Из истории межобщинных отношений

  
   В предлагаемой статье я хотел бы коснуться того круга явлений деревенских будней, которые сосредоточиваются около так называемого "межевого столба". Круг этот, надо сказать, очень широк и захватывает чрезвычайно сложную и разнообразную группу деревенских интересов, а между тем нельзя не признать, что в представлении общества этот деревенский межевой столб или "яма" являются далеко не в том свете и не с тем значением, каково оно в действительности. Всякому из нас, городских жителей, отправляющихся летом на "дачи", в лоно деревенской природы, случалось, конечно, в своих прогулках набредать на заросшие бурьяном с плесневелою водой и целым царством лягушек на дне неглубокие ямы, на подгнивший, покосившийся серый деревянный столб с выжженным сбоку черным пятном, уныло согнувшийся набок с краю этой ямы. Вряд ли, однако, многим из нас приходило в голову при виде этого заброшенного в какую-нибудь недоступную дебрь столба, сколько волнений, хлопот, разрушенных надежд, горя, слез и "животишек" стоит он местному крестьянскому населению. Вряд ли в вашем воображении встанет эта печальная трагическая картина, средоточием которой служит межевой столб, если вы человек деревне посторонний. Но если вас сопровождает один из местных старожилов и если вы с ним наткнетесь на такой столб, будьте уверены, что пока вы, пользуясь этим столбом, успеете закурить папиросу, он не преминет вам сообщить, полудобродушно, полуиронически, какую-нибудь любопытную историю, связанную с этим столбом...

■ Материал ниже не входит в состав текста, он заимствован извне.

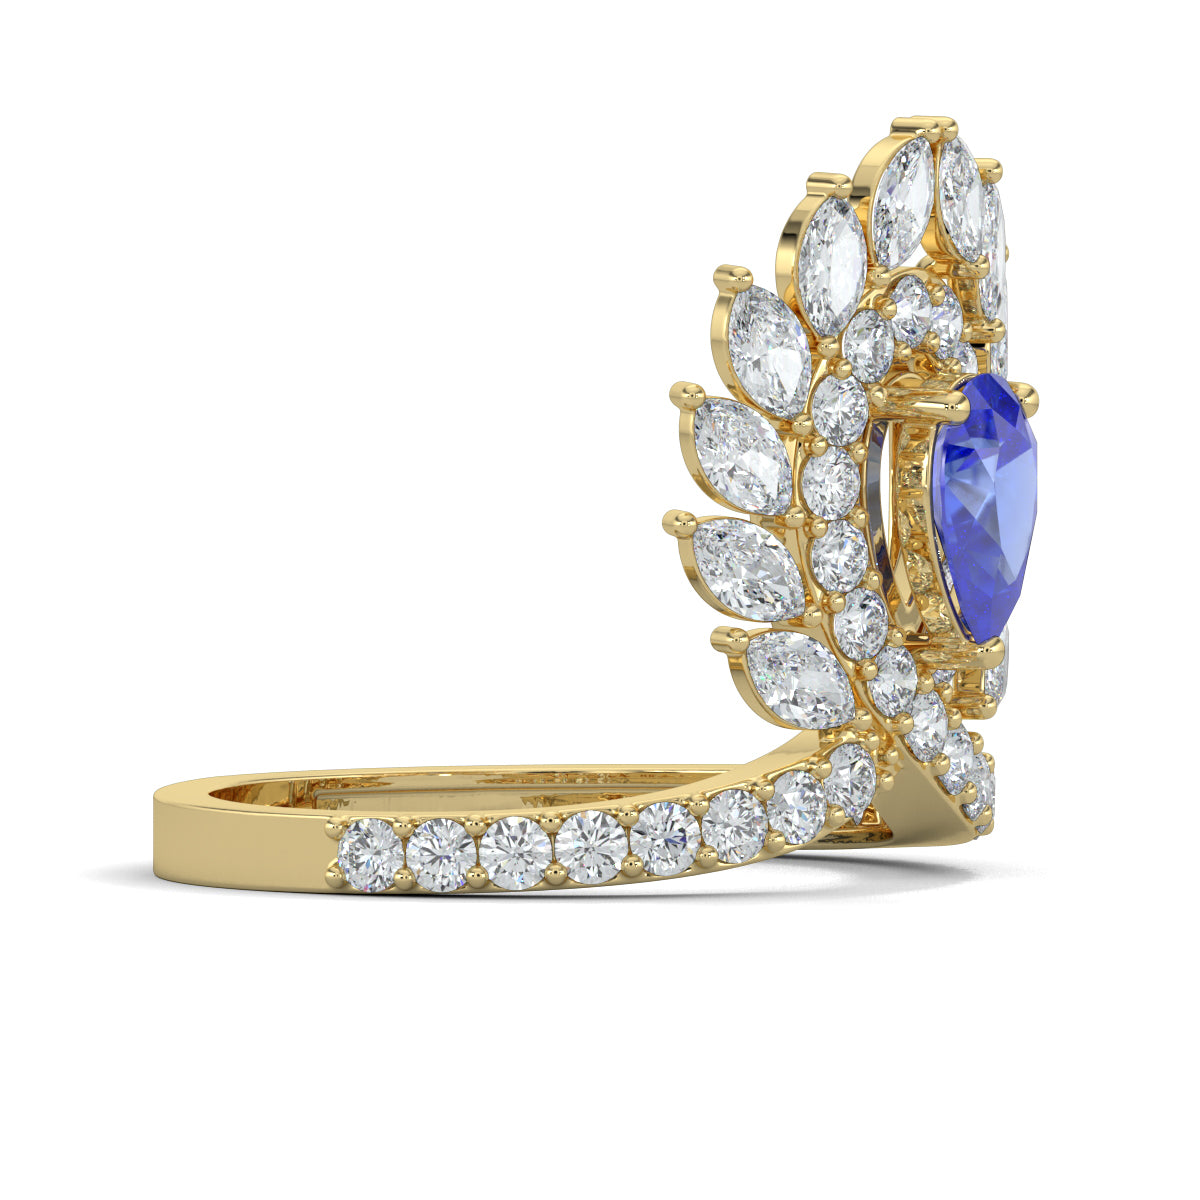 Yellow Gold, Diamond Ring, Natural diamond ring, Majestic plume diamond ring, cocktail ring, lab-grown diamonds, blue sapphire diamond, pear-shaped diamonds, round diamonds, marquise diamonds, luxurious ring, statement jewelry

   - Вот он, вишь ты, столбик-то, подгнил уж,- начнет он, покачивая столб за макушку,- штучка невелика, всего одно полено, а тоже, я тебе скажу, друг любезный, немало в его, проклятого, достатков вложено... и горя было и слез... и всего... В остроге тоже отсиживались немало... Деньгу эту самую со всех деревень шляпами таскали...
   - Как же так? - невольно спрашиваете вы, и в ответ вам начинается одна из тех длинных историй о "недоразумениях", которые в недавнее время такой сплошной полосой тянулись через крестьянскую жизнь.
   Не успеет еще ваш проводник кончить этой истории, как уже вы натыкаетесь на другой столб и невольно приостанавливаетесь у него.
   - Вот тоже,- прерывает себя ваш спутник,- столбик-то... В церкви стояли, крест целовали, присягу присягали, а две головы сахару да три фунта чаю - и вернул на кривую!..
   Да, ни много, ни мало, по любовному, значит, размежеванию пять десятинок у нас лугу-то и отдернул.
   Вы спешите дальше, спешите, может быть, насладиться прекрасным видом волнующихся золотистых колосьев или отливающих изумрудом лугов, а уж в ваших ушах опять звучит: "Вот столбик-то... Присягу присягали, крест целовали, а два фунта чаю да три головы сахару..."
   Но вы уже знаете, что будет дальше, и бежите в сторону от этого, не замеченного вами, столба. Вот наконец вы на опушке леса. Благодатная тень с сыроватым запахом елей охватывает вас. Вы присели в этой тени, опустили ноги в неглубокую ложбинку, всю обросшую душистым зверобоем. Впереди плещется река и играет золотой рябью в солнечных лучах. Вы только что забылись от этой бесконечной, монотонно печальной истории "греха", слез, "животишек", как вдруг замечаете, что ваш спутник, что-то шепча, внимательно разыскивает, всматривается в окружающую местность и что-то припоминает. Он то присядет, то, вытянув голову и шею, поднимется на колена, то встанет, отойдет в сторону, оглянется кругом и все что-то шепчет...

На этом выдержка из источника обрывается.